#### DATA TO USE ####

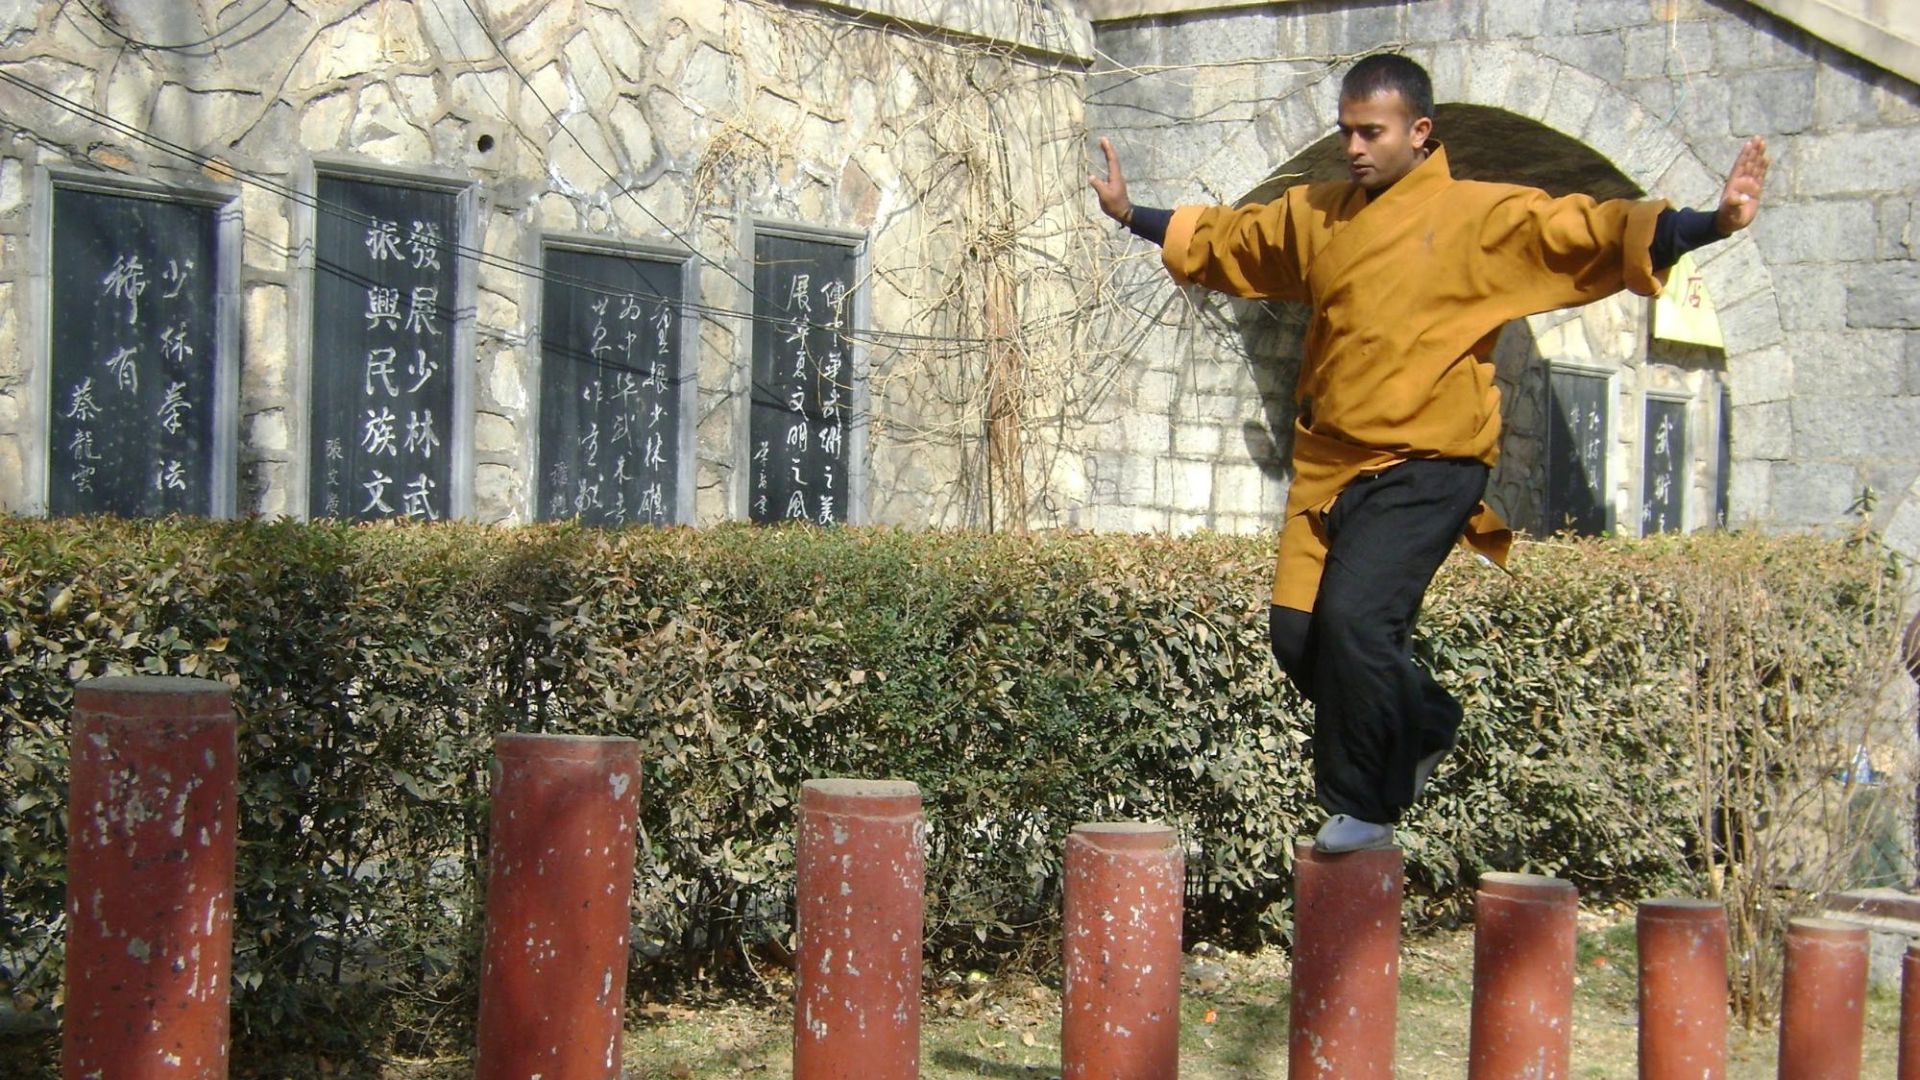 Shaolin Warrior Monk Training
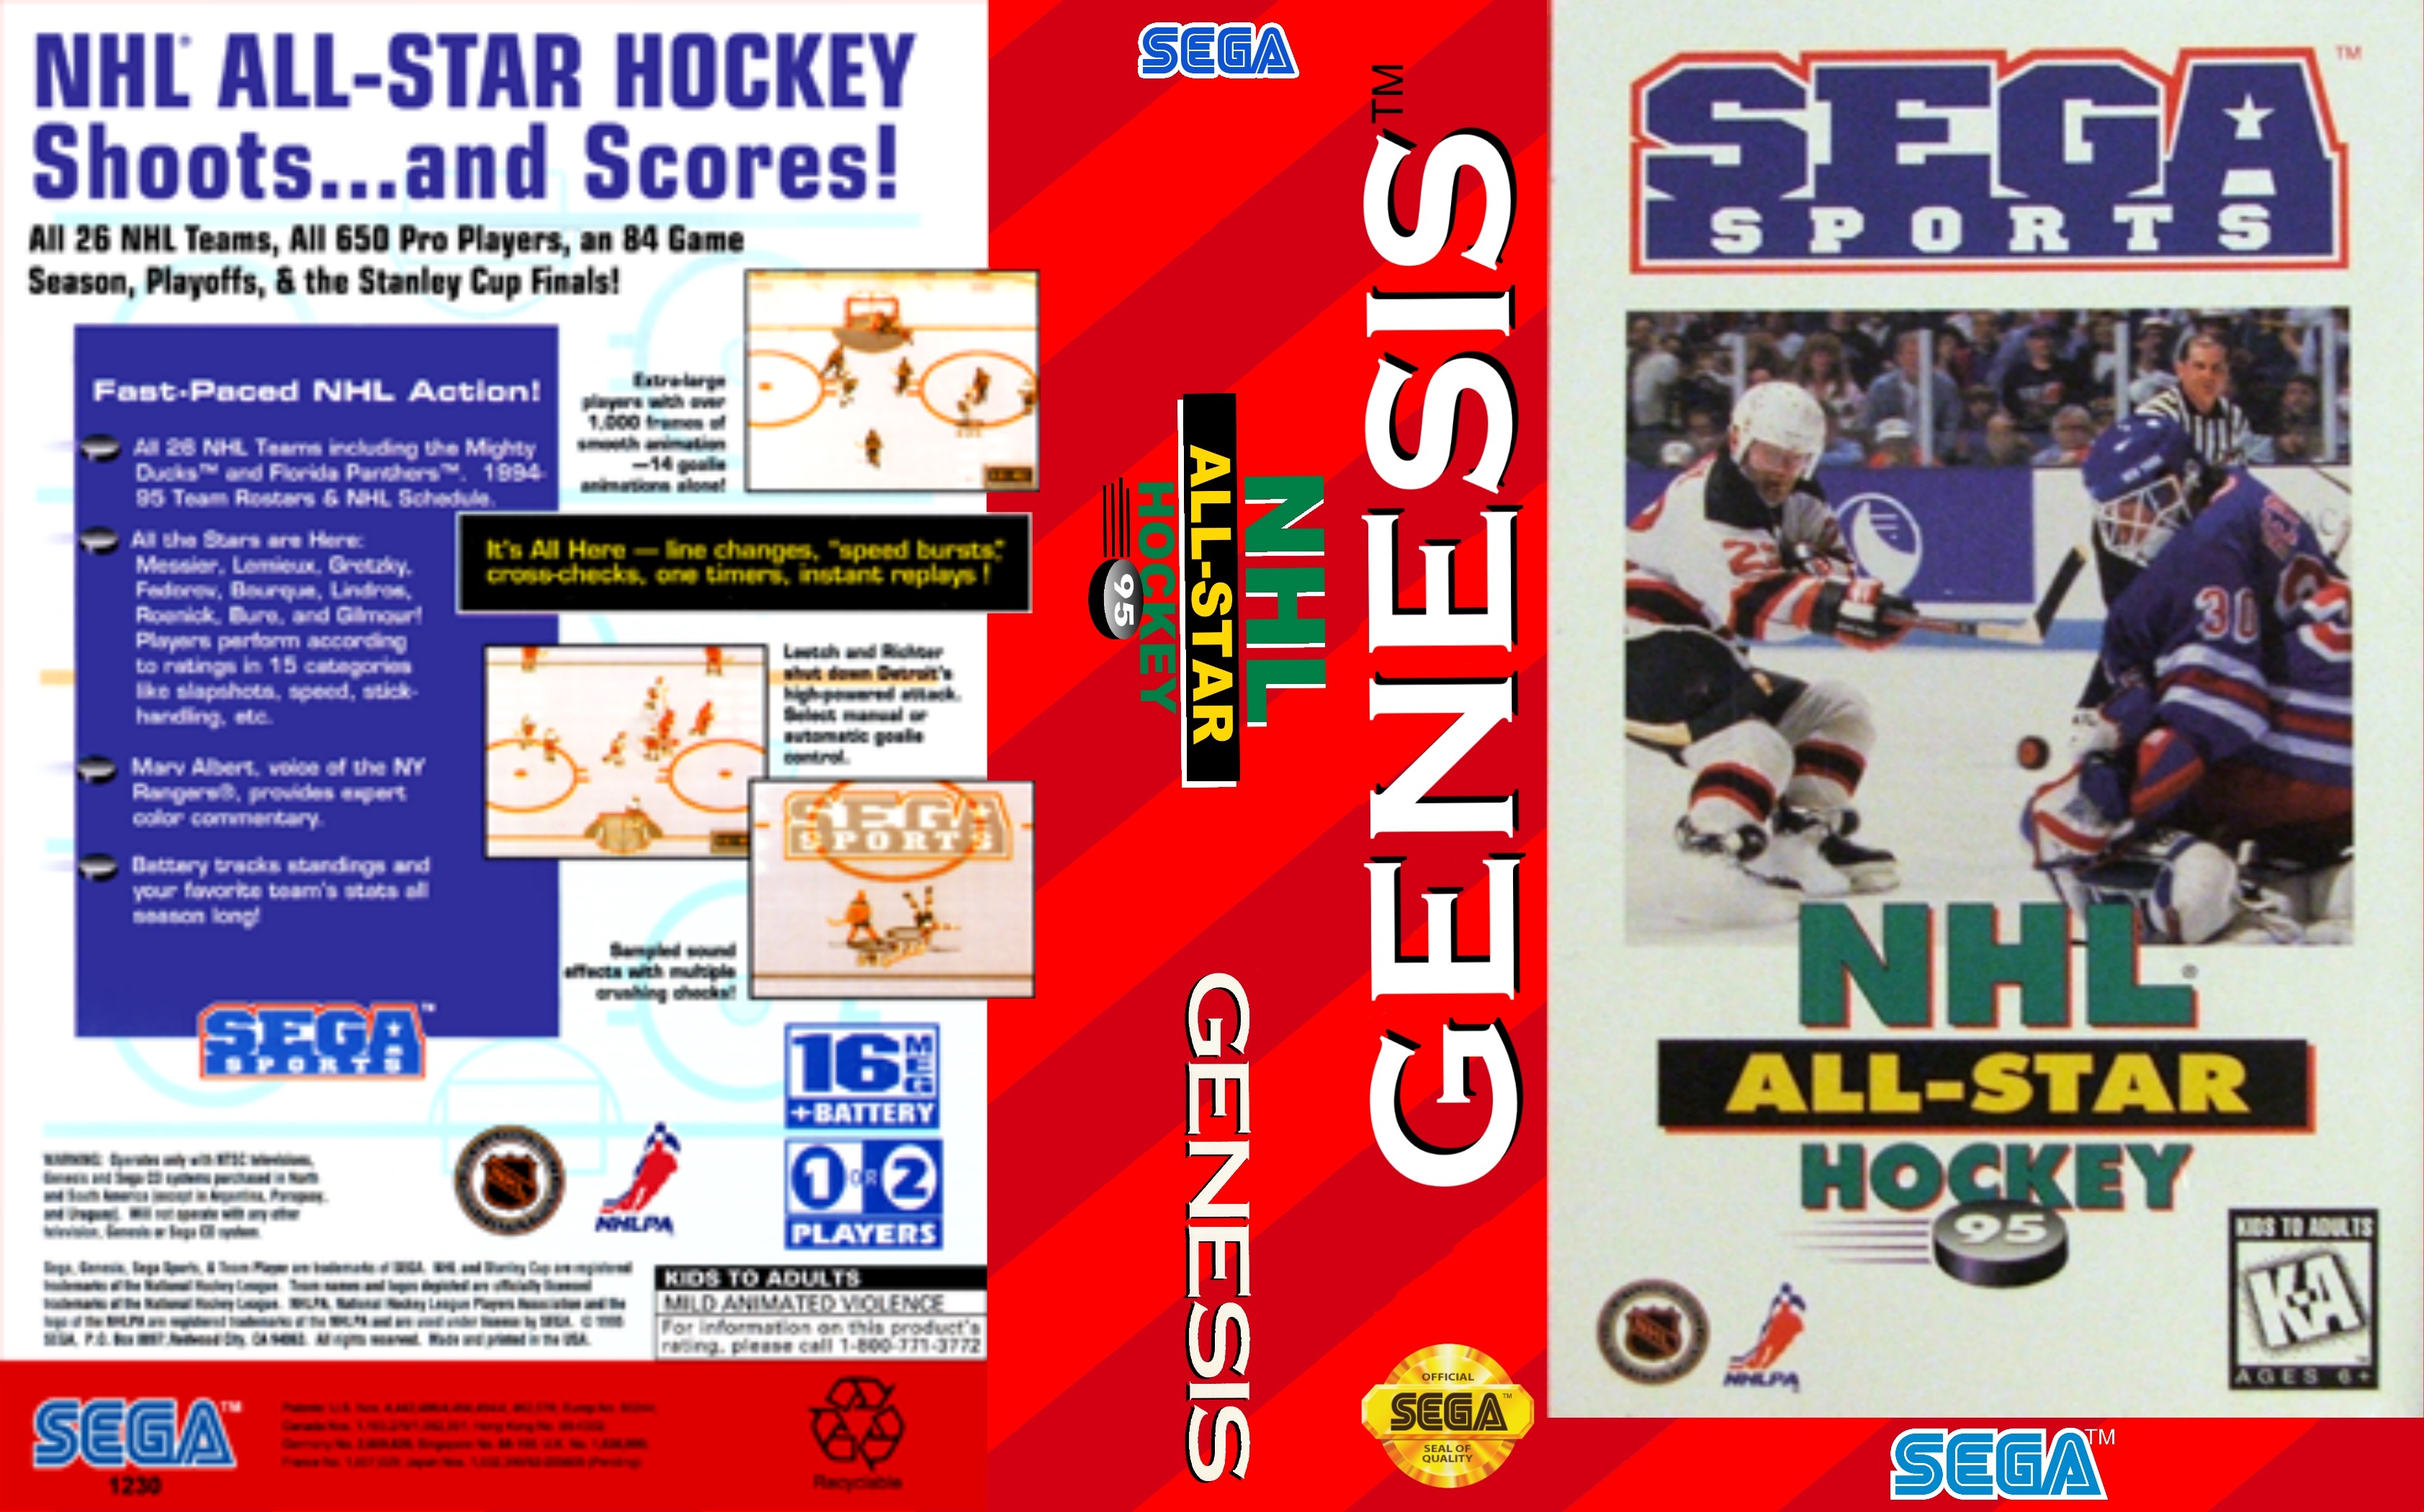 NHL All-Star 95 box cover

####
#### DATA TO USE ####

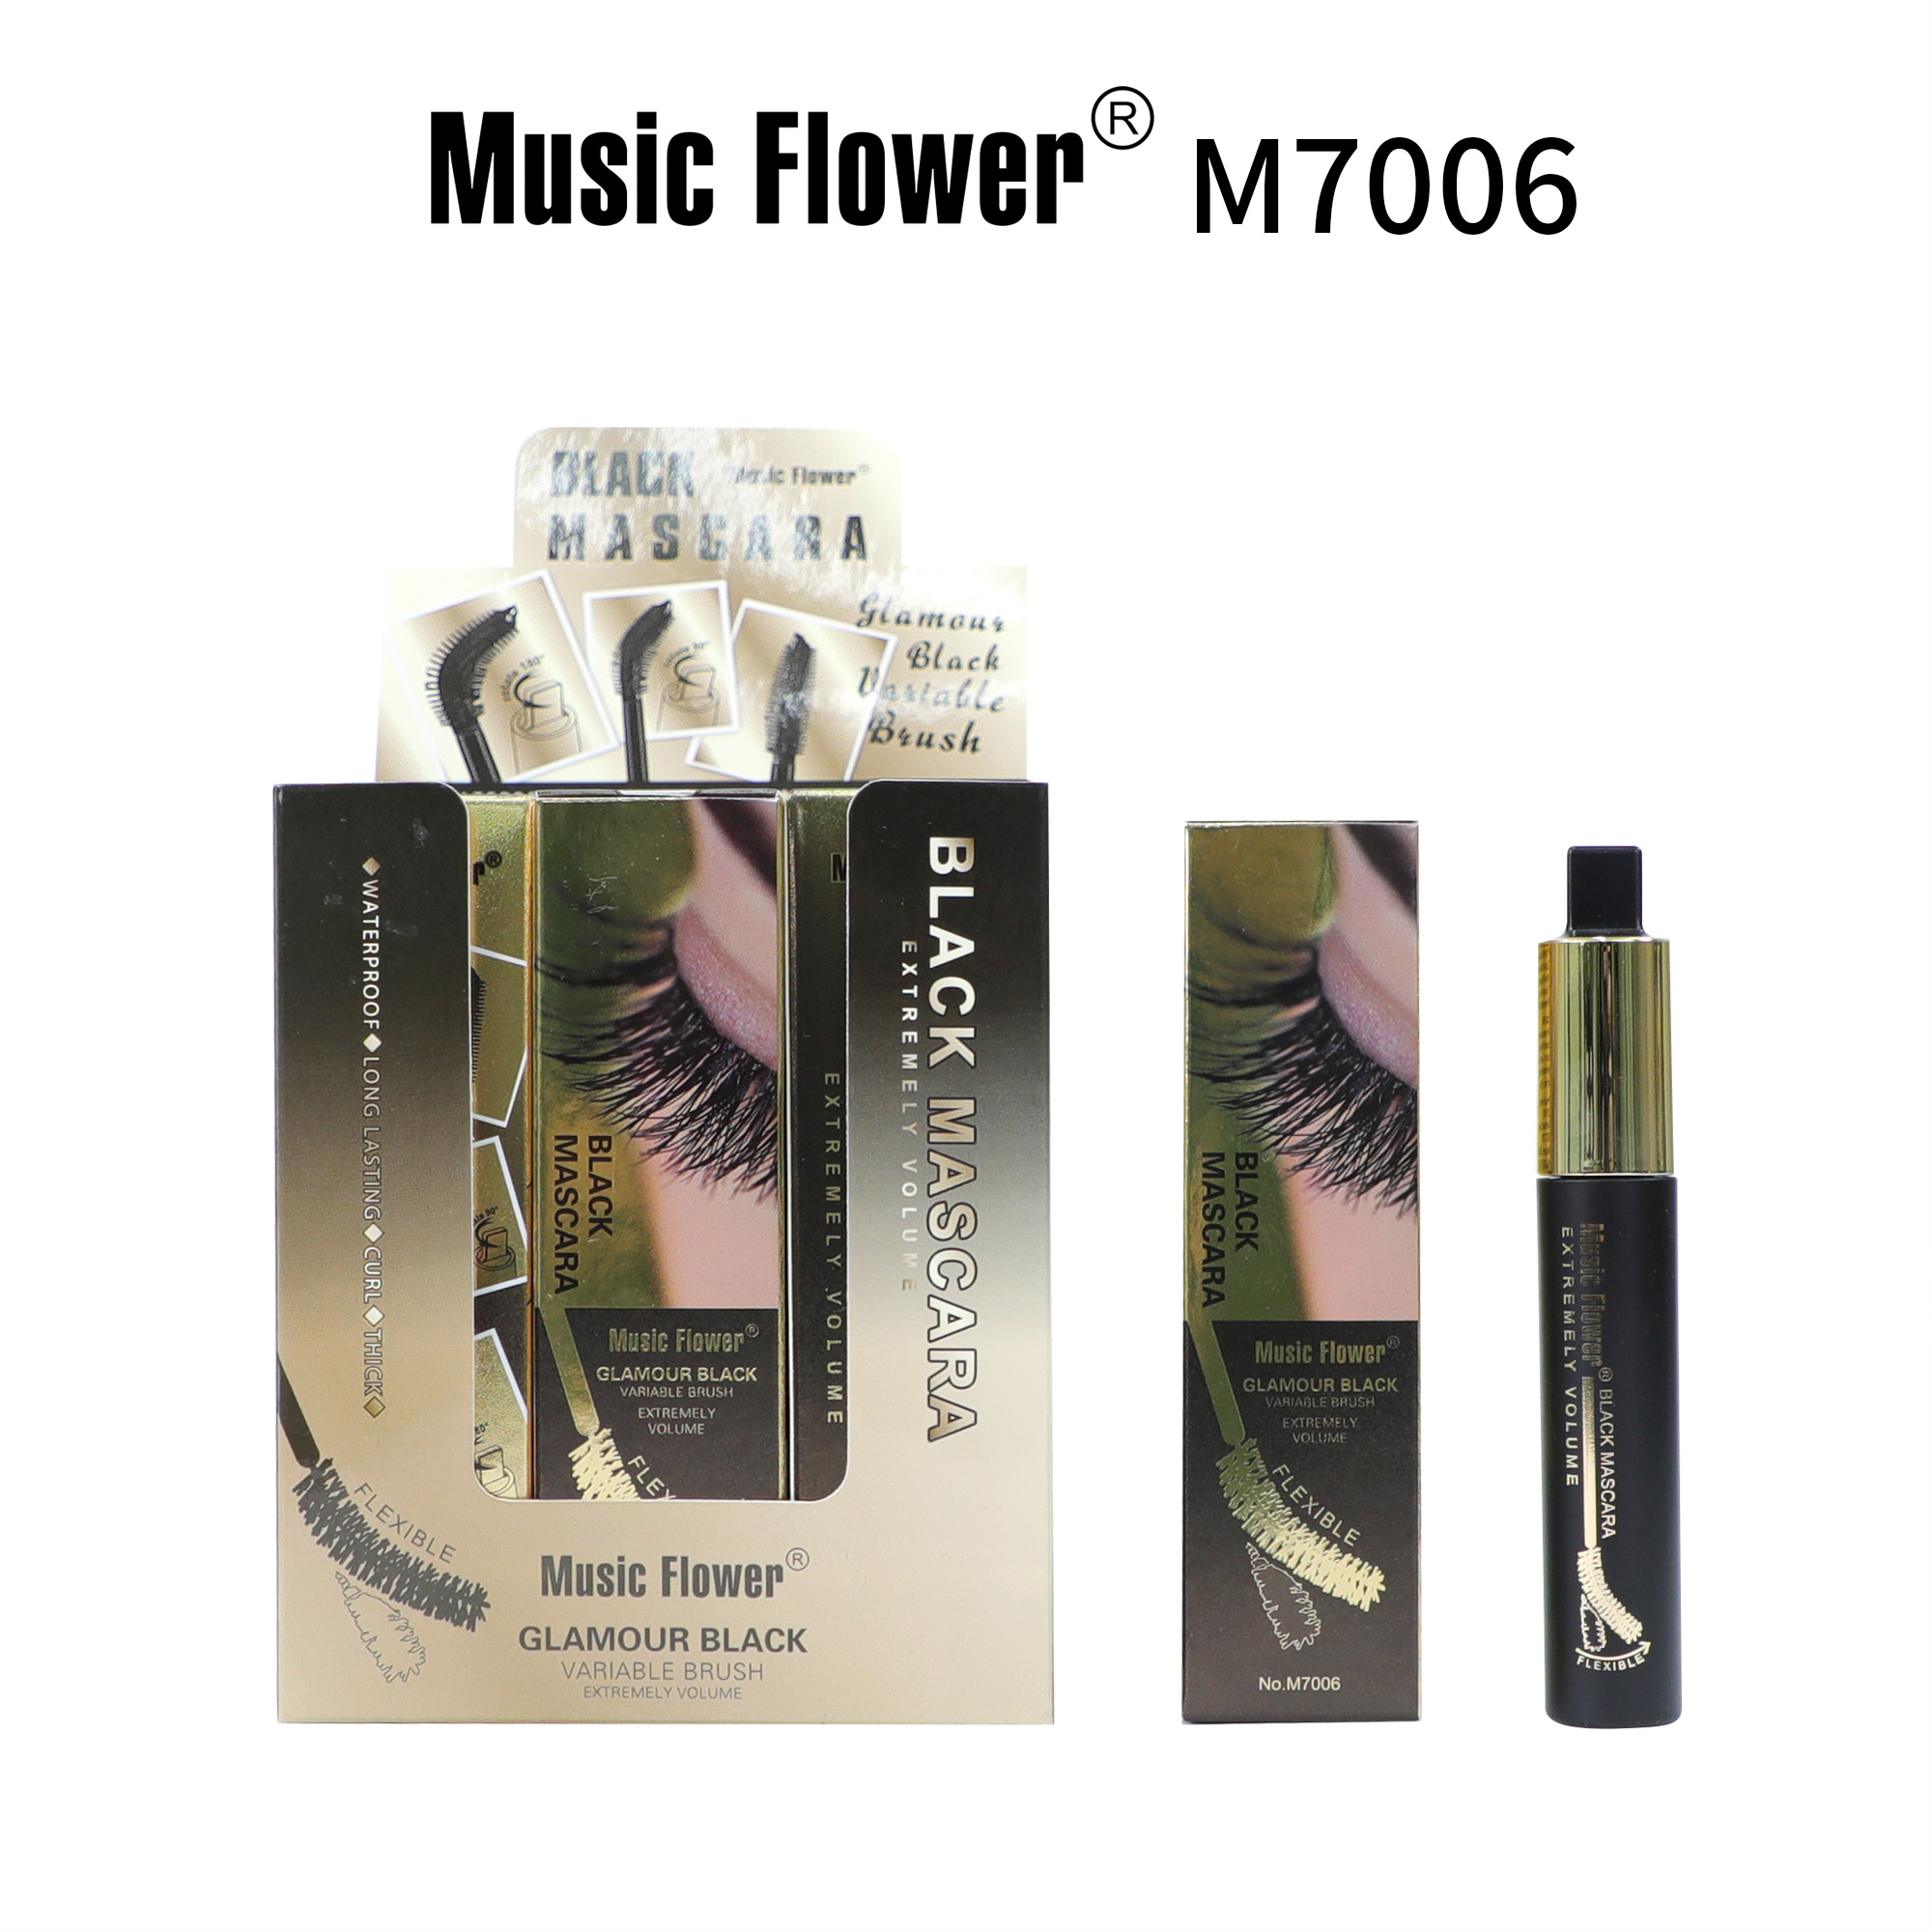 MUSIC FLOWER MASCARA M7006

####

- **TASK ITEM**
Take the material above from the line bearing "Shaolin Warrior Monk Training" through the line bearing "NHL All-Star 95 box cover" and write it out exactly, both end lines included. Pictures stay out.

- **EXERCISE ANSWER**
 Shaolin Warrior Monk Training
 NHL All-Star 95 box cover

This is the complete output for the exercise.